TASK REQUIREMENTS
Set down exactly the lines from the one containing "Phó Chủ tịch" through the end of the records below, both included, and nothing else.

(Stored items from a collection)
........
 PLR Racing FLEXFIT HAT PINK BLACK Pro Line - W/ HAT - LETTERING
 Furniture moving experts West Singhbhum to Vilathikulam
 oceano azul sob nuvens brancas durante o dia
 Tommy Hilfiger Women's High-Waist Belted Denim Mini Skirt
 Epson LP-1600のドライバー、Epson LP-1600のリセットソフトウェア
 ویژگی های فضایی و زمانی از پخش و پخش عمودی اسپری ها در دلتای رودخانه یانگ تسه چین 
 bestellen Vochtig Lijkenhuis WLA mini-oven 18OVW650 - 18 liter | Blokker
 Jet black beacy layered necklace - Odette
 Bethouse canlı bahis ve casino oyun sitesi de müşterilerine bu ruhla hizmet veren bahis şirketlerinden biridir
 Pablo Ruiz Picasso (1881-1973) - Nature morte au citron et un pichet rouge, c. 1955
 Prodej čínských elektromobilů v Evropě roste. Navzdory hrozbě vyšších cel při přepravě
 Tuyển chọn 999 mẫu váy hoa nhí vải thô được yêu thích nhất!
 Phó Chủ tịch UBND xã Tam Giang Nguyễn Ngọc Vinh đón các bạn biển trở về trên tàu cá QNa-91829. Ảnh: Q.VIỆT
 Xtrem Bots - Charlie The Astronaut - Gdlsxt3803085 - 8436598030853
........
TASK ANSWER
 Phó Chủ tịch UBND xã Tam Giang Nguyễn Ngọc Vinh đón các bạn biển trở về trên tàu cá QNa-91829. Ảnh: Q.VIỆT
 Xtrem Bots - Charlie The Astronaut - Gdlsxt3803085 - 8436598030853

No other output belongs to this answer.